Patrick’s face shifts from pain to confusion in seconds. “Shit, that - that feels better already. What _is_ that stuff?” 

Joe winces. The real reason he’d brought the ointment was a final test - the stuff only works on fairies, at all, ever. It wasn’t supposed to help Patrick. 

But it did. 

Patrick is a fairy. Patrick is growing wings. And Joe doesn’t know what the hell to do. 

“Joe?” 

“Sorry, sorry.” Joe shakes his head, trying to clear his thoughts. “It’s...just something I thought would help. That’s all.”

///

Joe doesn’t go over to Patrick’s house for another two days. He’s too scared. But he does the math and figures he has to. 

Joe’s wings had taken a week to come in. This is about average. It’s likely Patrick’s will take a little longer. It’s been five days since Patrick had first complained that his back hurts, and Joe figures if he’s going to tell Patrick what he is - what they both are - then he’s not gonna get a better chance than now. 

So he makes the drive to Patrick’s house, ready to walk in and explain everything - but it turns out his timing wasn’t as ideal as he’d hoped. 

Joe walks in to find Patrick still on the couch, but curled in on himself now, tears pricking at the corners of his eyes as he shakes pitifully. Joe knows immediately that this level of pain can only mean one thing - this is happening, and it’s happening _now_. 

Joe crosses the room as quickly as he can, dropping to his knees next to the couch and grabbing Patrick’s hand. Patrick squeezes it so tight Joe thinks he’ll lose feeling. 

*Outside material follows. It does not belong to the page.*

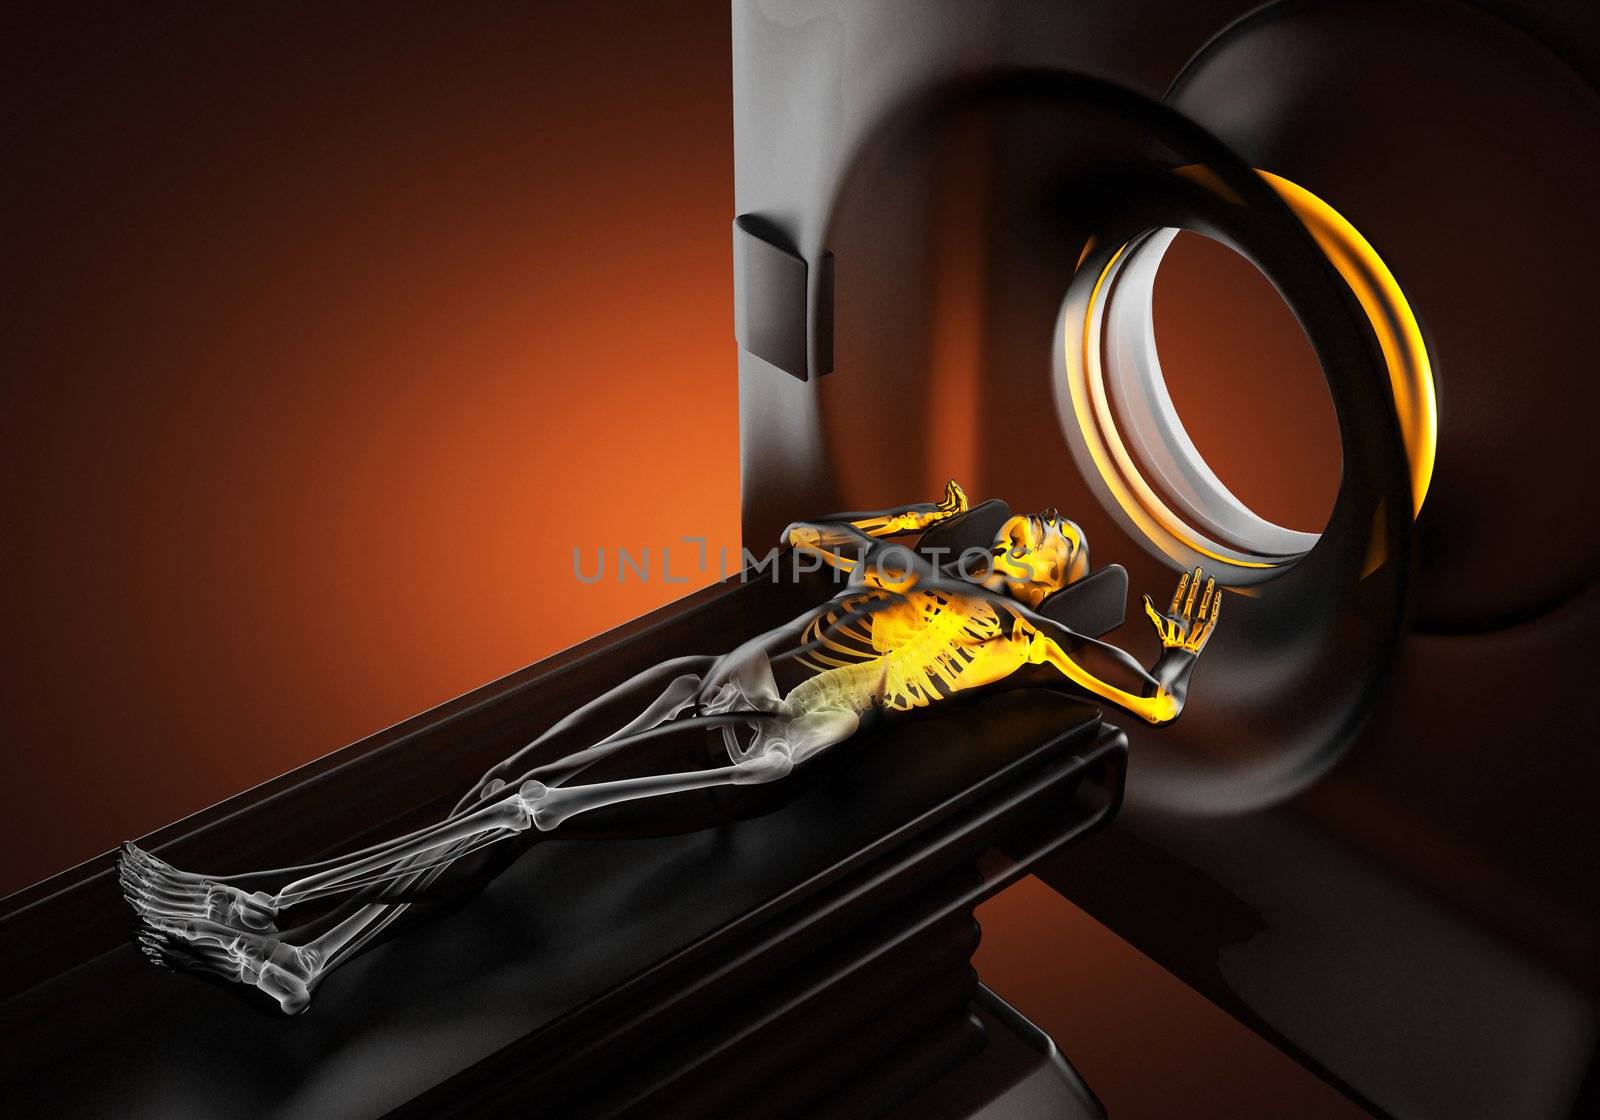 MRI examination made in 3D graphics
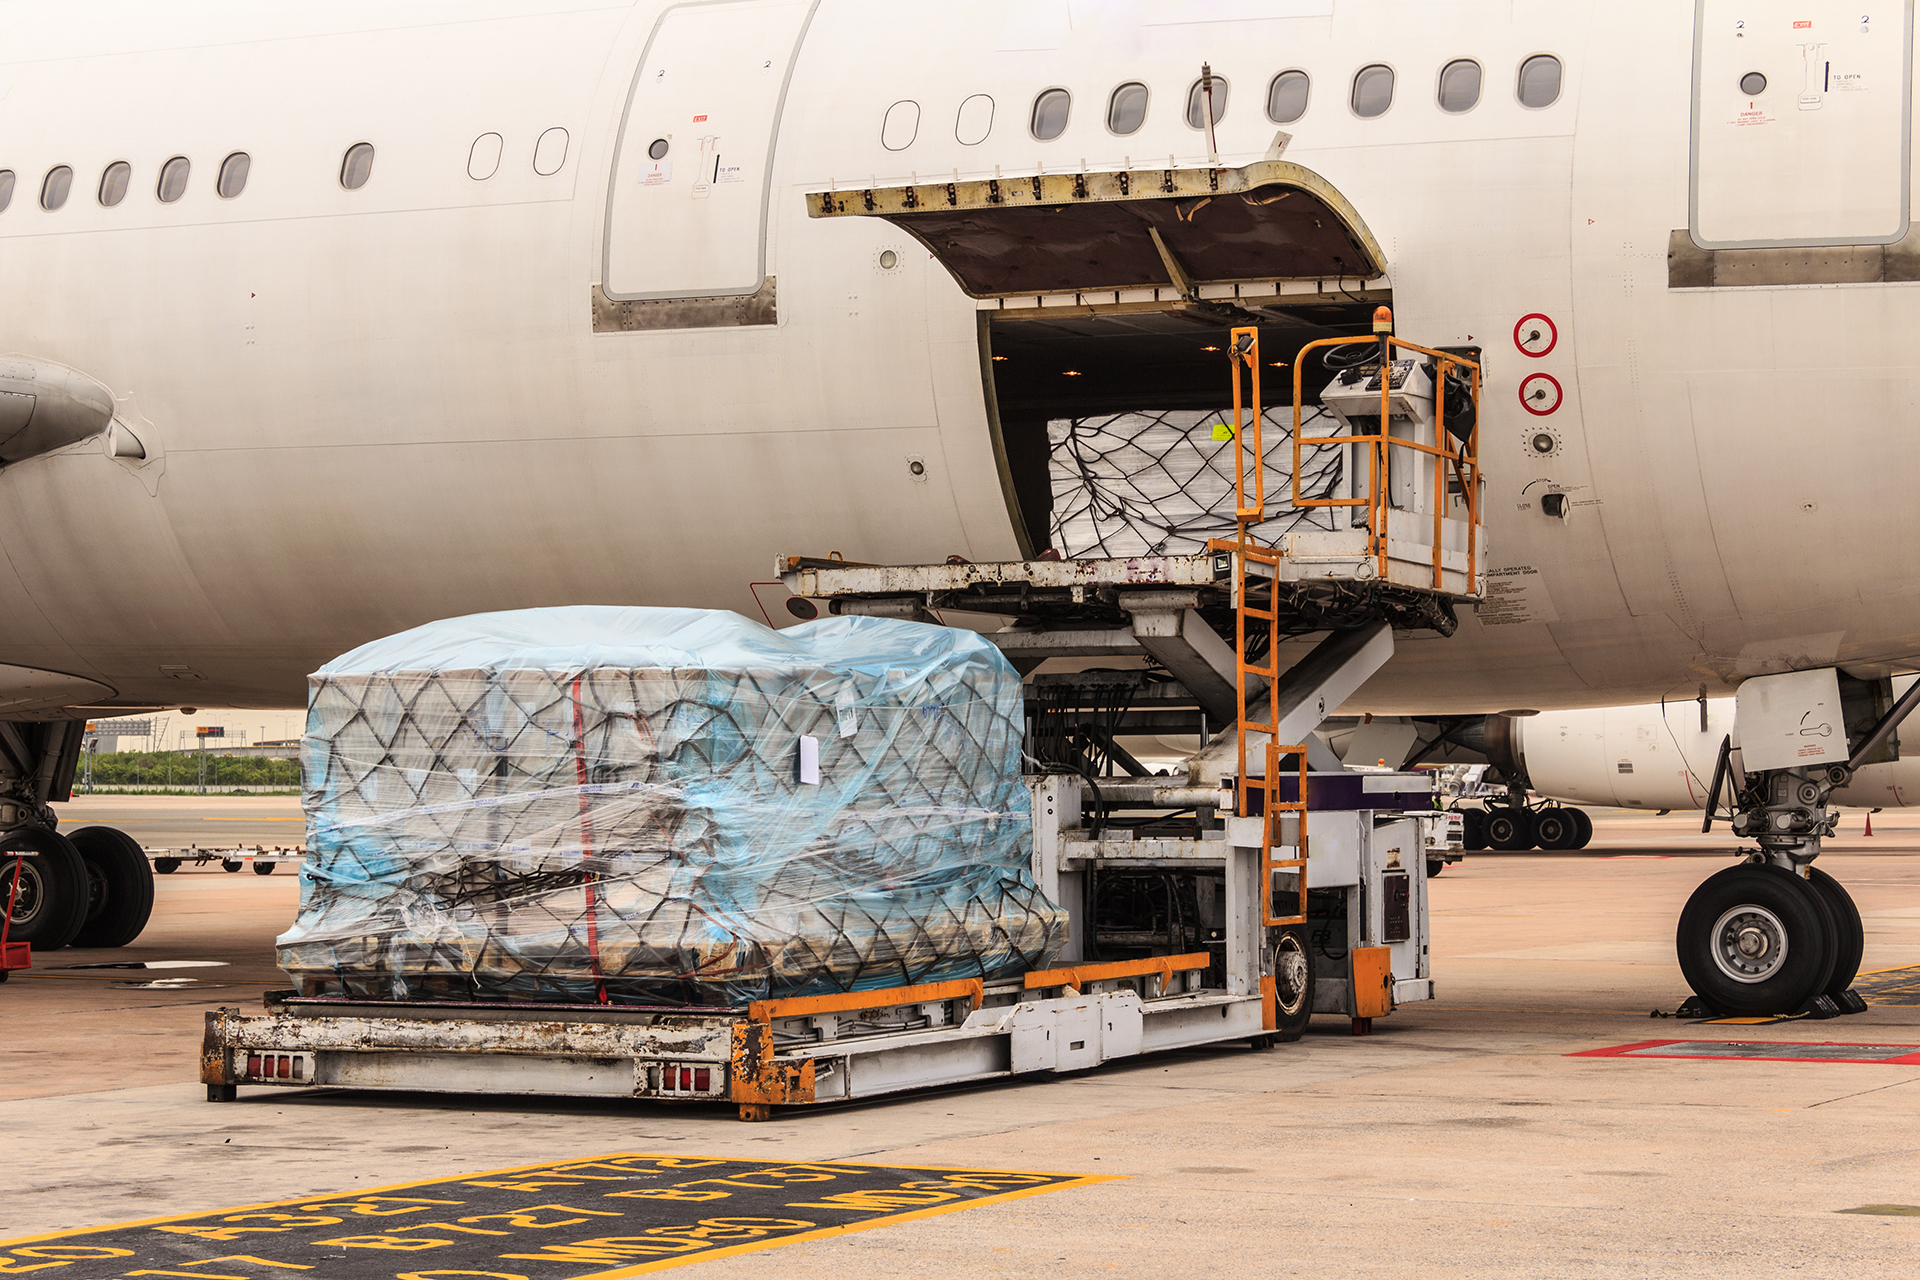 Fall in Air Cargo Demand in line with Expectations

“Patrick, baby, what’s wrong?” Joe asks, as if he doesn’t already know. 

Patrick chokes out a sob. “Hurts, Joe. Hurts so bad.”

“Fuck,” Joe breathes out, then springs into action. There’s no time to explain anymore - he has to prepare. 

Joe tries to recall what his mom had done for him when his wings had come in, all those years back. He grabs apple juice he finds in the fridge, because he remembers his mom saying fruit juice helps make sure wings stay strong after they come out. A couple Advil, just because he knows Patrick needs it. And a towel. 

For the blood. 

Joe never claimed a pair of wings growing out of someone’s back was a clean and easy process - it isn’t. It isn’t even close. It’s a week or so of pain followed by a bloody mess and aches for another week afterwards. (And even then, wings are prone to ache out of nowhere even years later. Sometimes it’s because they’re being bound up, sometimes it’s the weather, sometimes they just hurt. Wings suck sometimes, is what Joe thinks.)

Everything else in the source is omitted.